The L2 Voter and Demographic Dataset includes demographic and voter history tables for all 50 states and the District of Columbia. The dataset is built from publicly available government records about voter registration and election participation. These records indicate whether a person voted in an election or not, but they do not record whom that person voted for. Voter registration and election participation data are augmented by demographic information from outside data sources.

Methodology

To create this file, L2 processes registered voter data on an ongoing basis for all 50 states and the District of Columbia, with refreshes of the underlying state voter data typically at least every six months and refreshes of telephone numbers and National Change of Address processing approximately every 30 to 60 days. These data are standardized and enhanced with propriety commercial data and modeling codes and consist of approximately 185,000,000 records nationwide.

Usage

For each state, there are two available tables: demographic and voter history. The demographic and voter tables can be joined on the LALVOTERIDvariable. One can also use the LALVOTERIDvariable to link the L2 Voter and Demographic Dataset with the L2 Consumer Dataset.
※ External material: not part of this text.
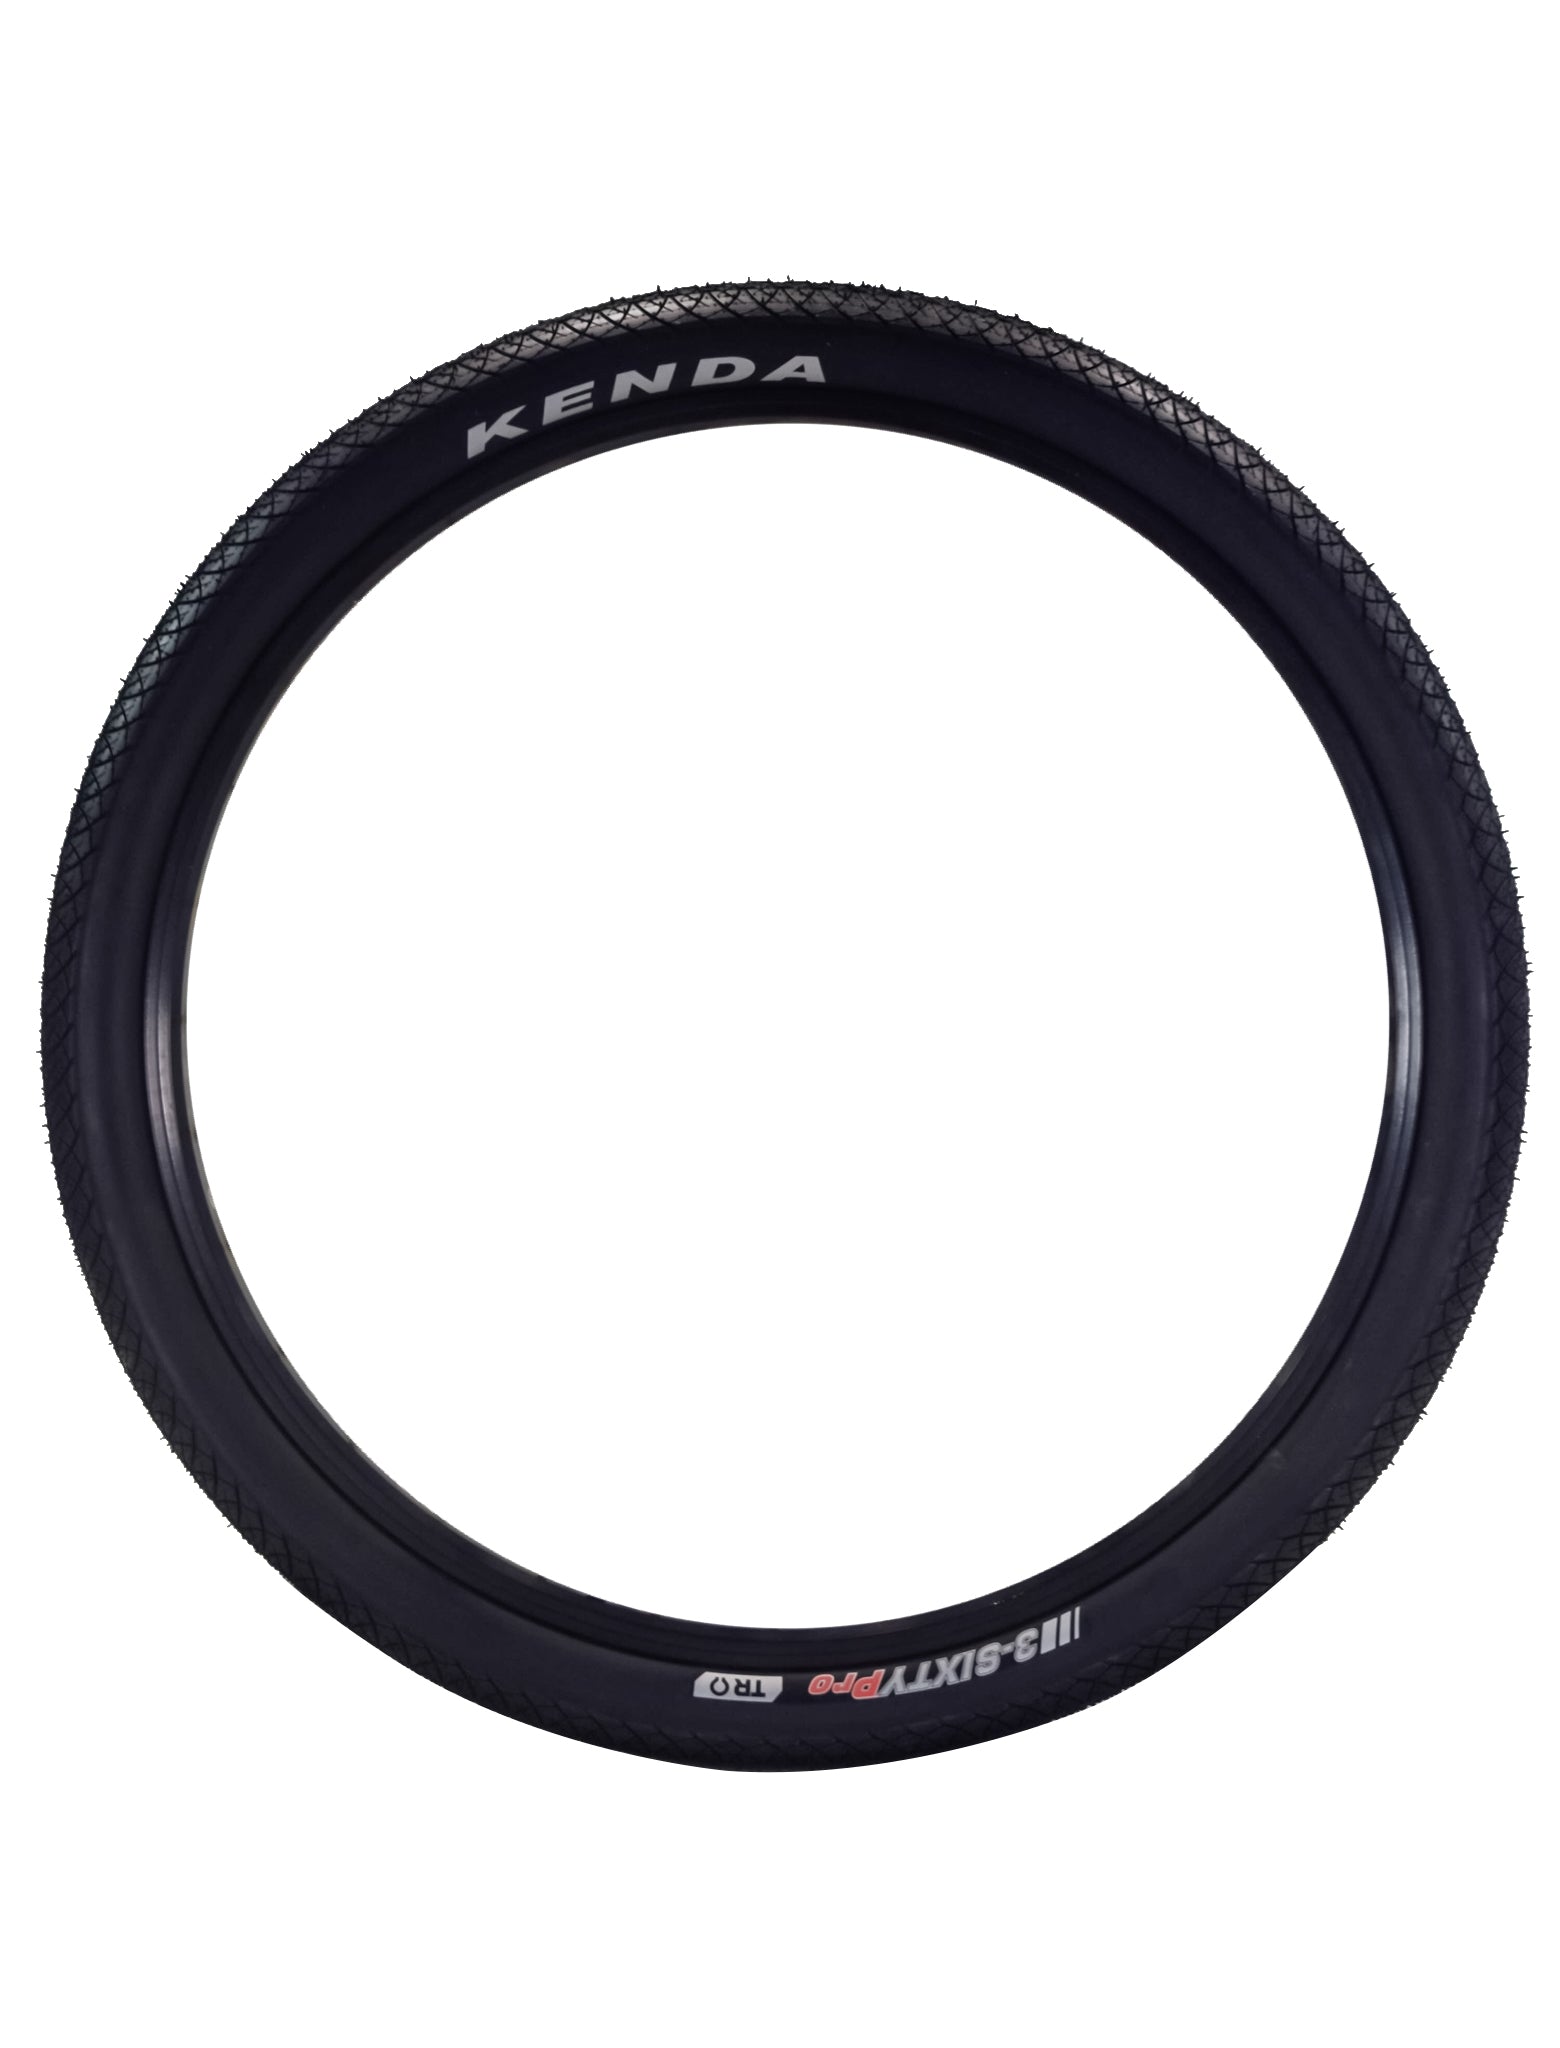 Kenda 3-Sixty Pro TR 120tpi Fold Black 26x2.5 Bicycle Tire & Keychain (Single)

In addition, the LALVOTERIDvariable can be used to validate the state. For example, let's look at the LALVOTERID = LALCA3169443. The characters in the fourth and fifth positions of this identifier are 'CA' (California). The second way to validate the state is by using the RESIDENCE_ADDRESSES_STATEvariable, which should have a value of 'CA' (California).

The date appended to each table name represents when the data was last updated. These dates will differ state by state because states update their voter files at different cadences.

The demographic files use 698 consistent variables. For more information about these variables, see 2025-01-10-VM2-File-Layout.xlsx.

The voter history files have different variables depending on the state. The ***2025-07-16-L2-Voter-Dictionaries.tar.gz file contains .csv data dictionaries for each state's demographic and voter files. While the demographic file data dictionaries should mirror the 2025-01-10-VM2-File-Layout.xlsx*** file, the voter file data dictionaries will be unique to each state.

***2025-04-24-National-File-Notes.pdf ***contains L2 Voter and Demographic Dataset ("National File") release notes from 2018 to 2025.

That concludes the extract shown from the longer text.